### THE PROBLEM:
Leave every picture out, then reproduce the rest of the listing exactly.

### COLLECTED DATA:
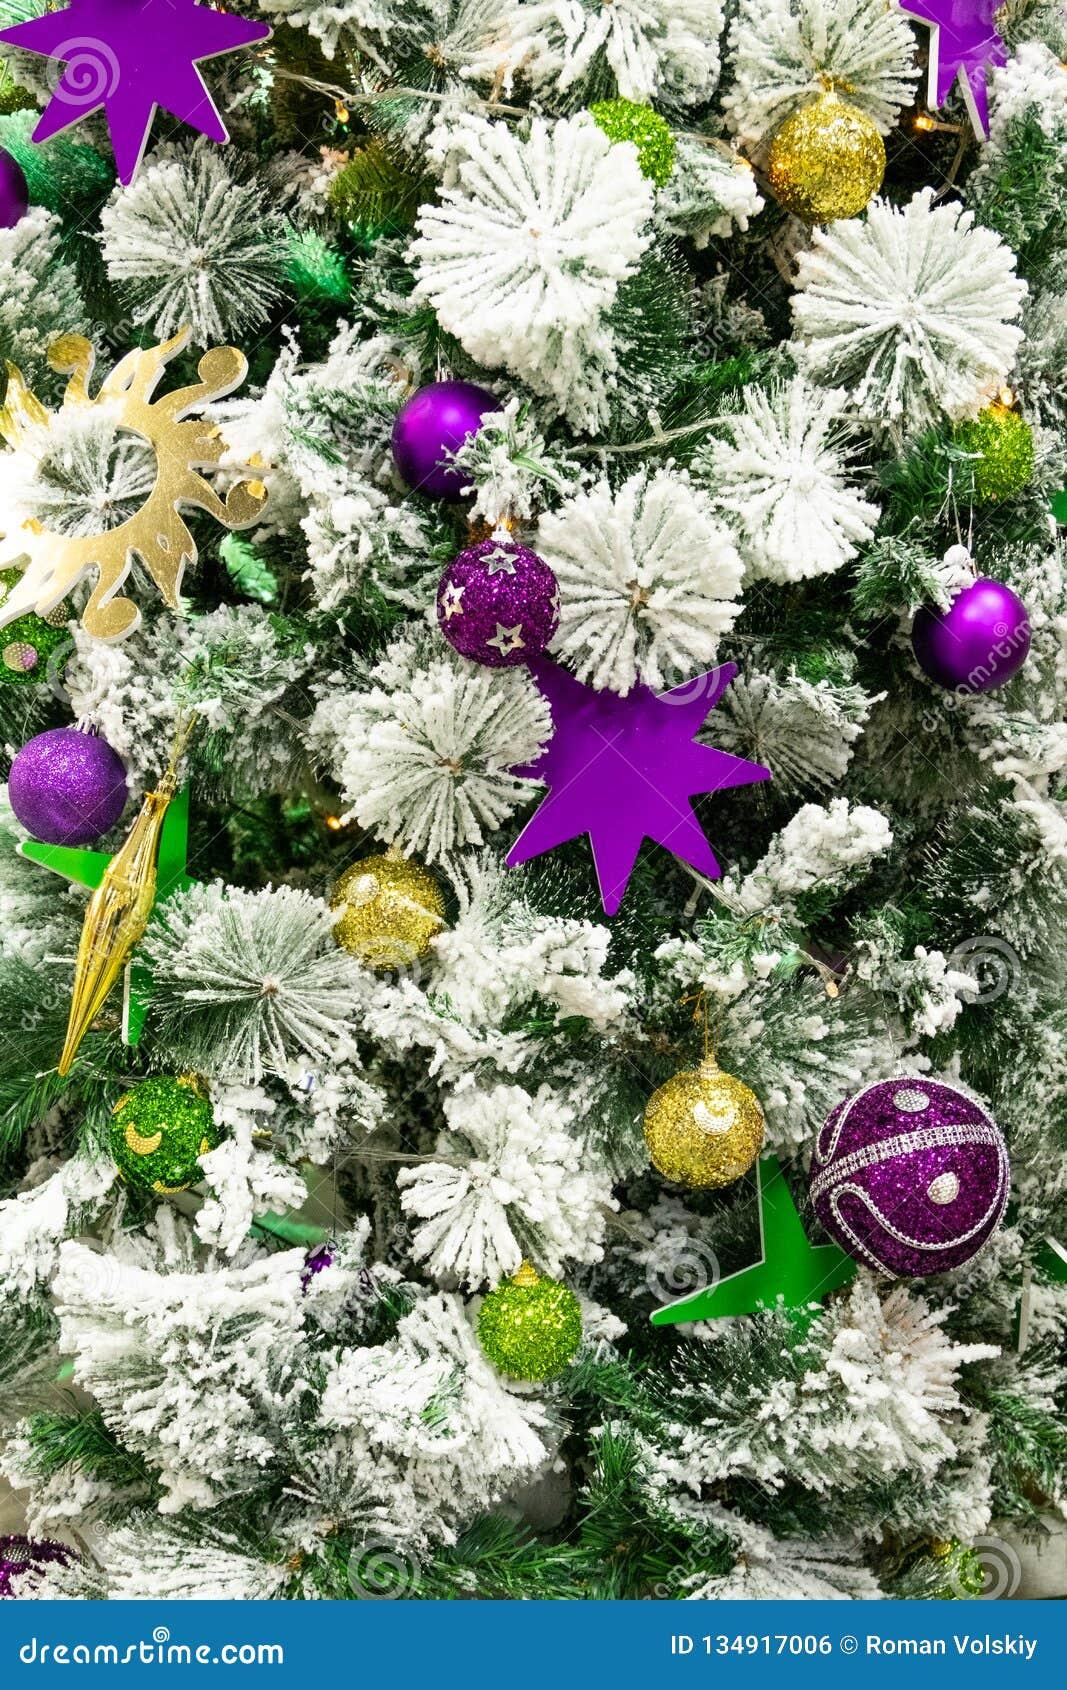 Χρυσά και ιώδη σφαίρες και αστέρια στο χριστουγεννιάτικο δέντρο Φωτεινό αφηρημένο υπόβαθρο για το σχέδιο του νέου έτους και
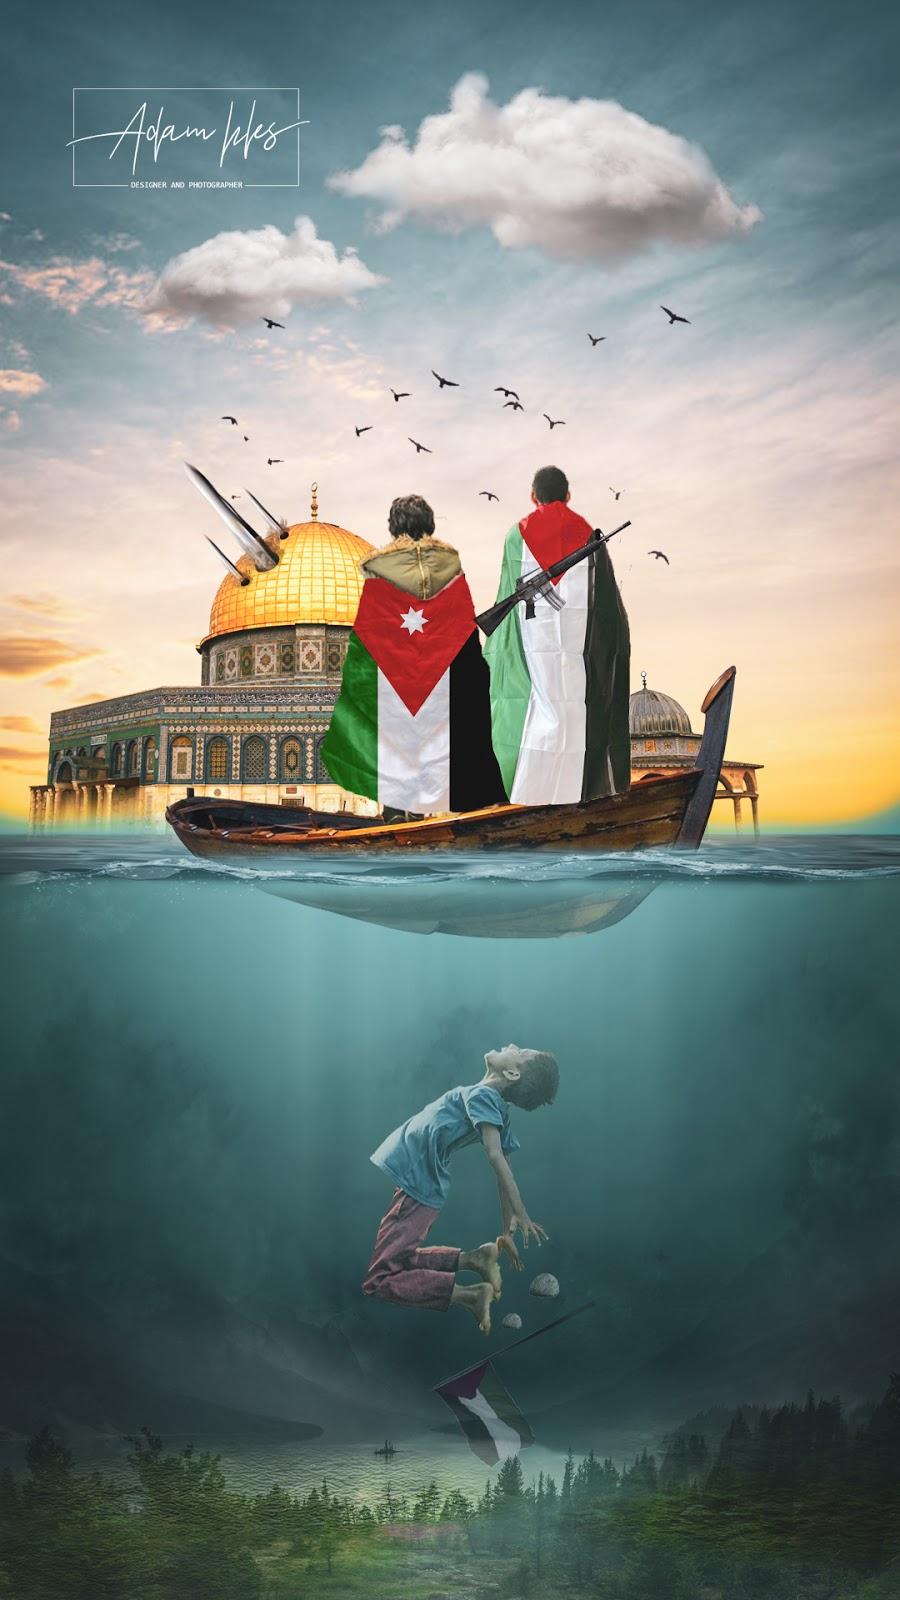 العلم الفلسطيني والعلم الاردني
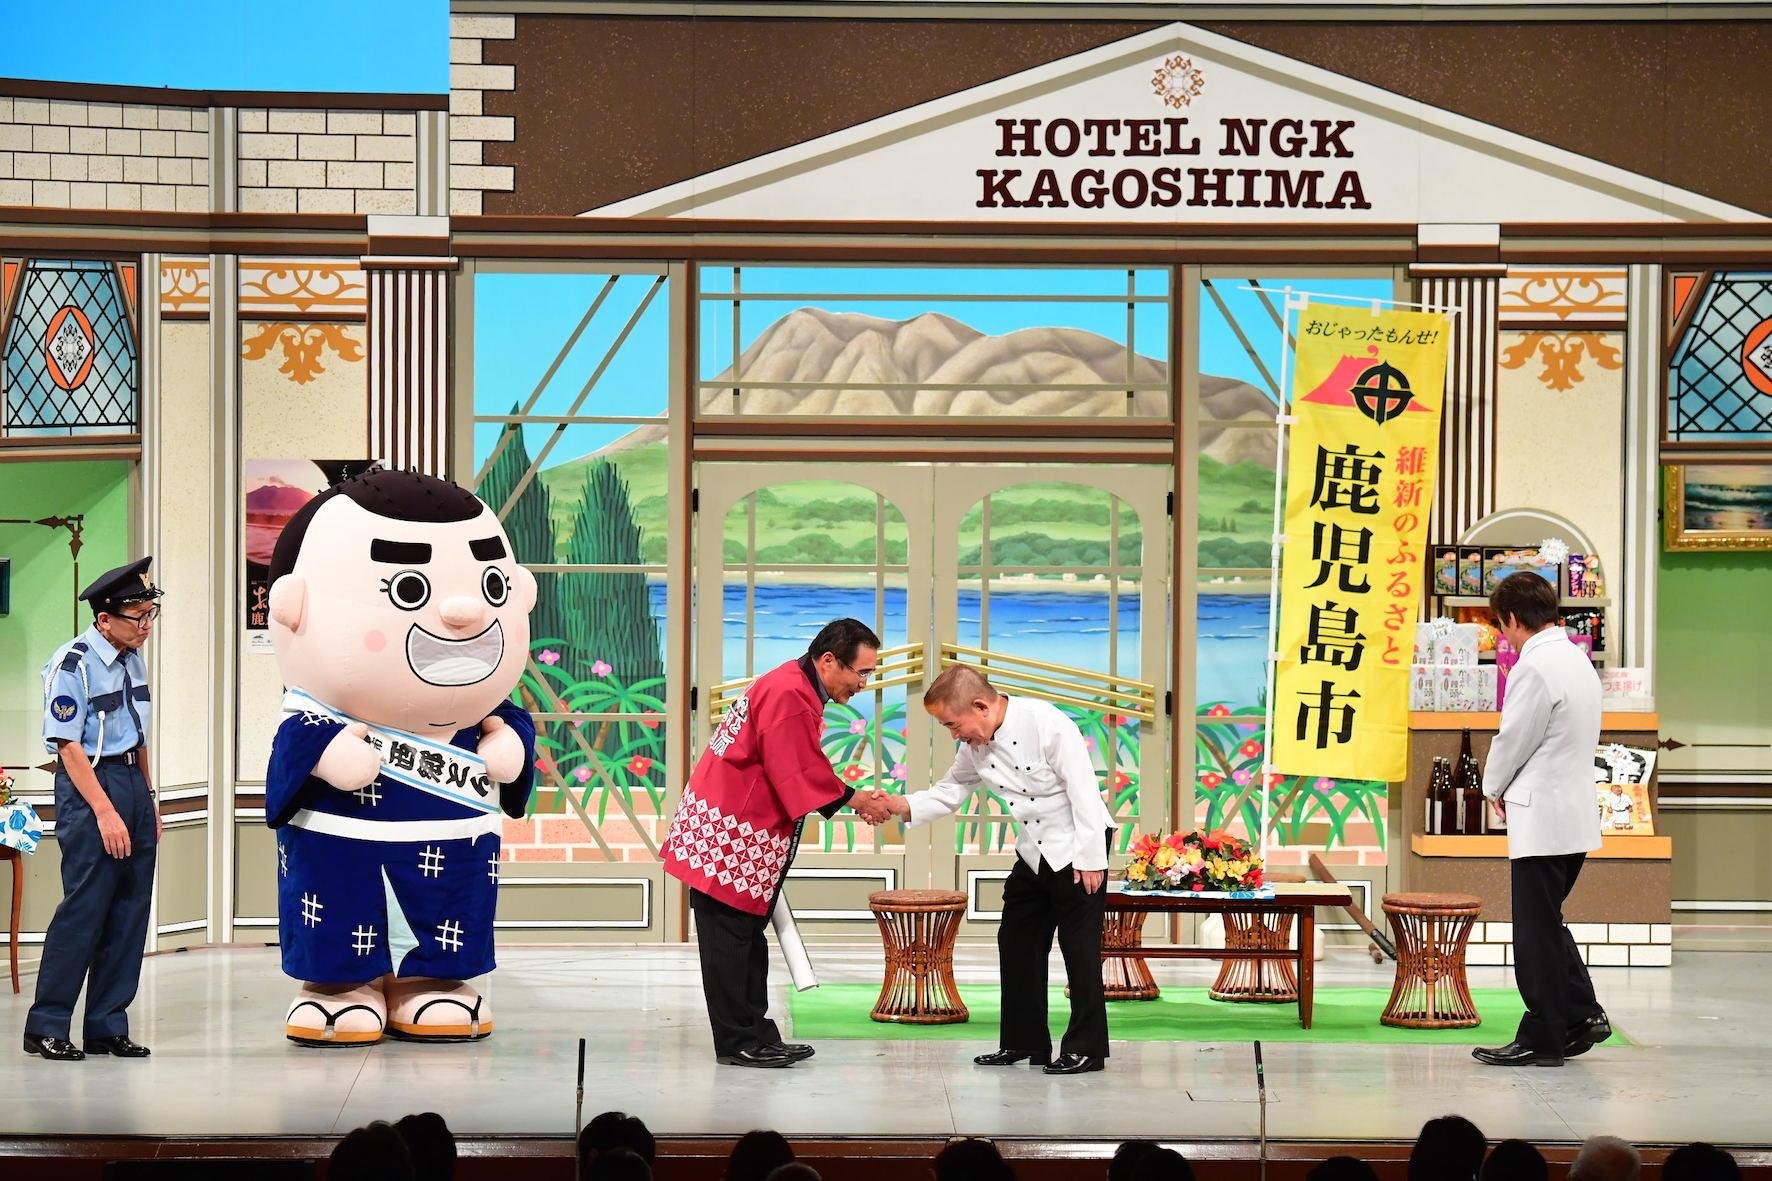 http://news.yoshimoto.co.jp/20180720185927-9e18c2040d0920a493f05c3199e73e59c1fe2bdc.jpg

### YOUR SOLUTION:
 Χρυσά και ιώδη σφαίρες και αστέρια στο χριστουγεννιάτικο δέντρο Φωτεινό αφηρημένο υπόβαθρο για το σχέδιο του νέου έτους και
 العلم الفلسطيني والعلم الاردني
 http://news.yoshimoto.co.jp/20180720185927-9e18c2040d0920a493f05c3199e73e59c1fe2bdc.jpg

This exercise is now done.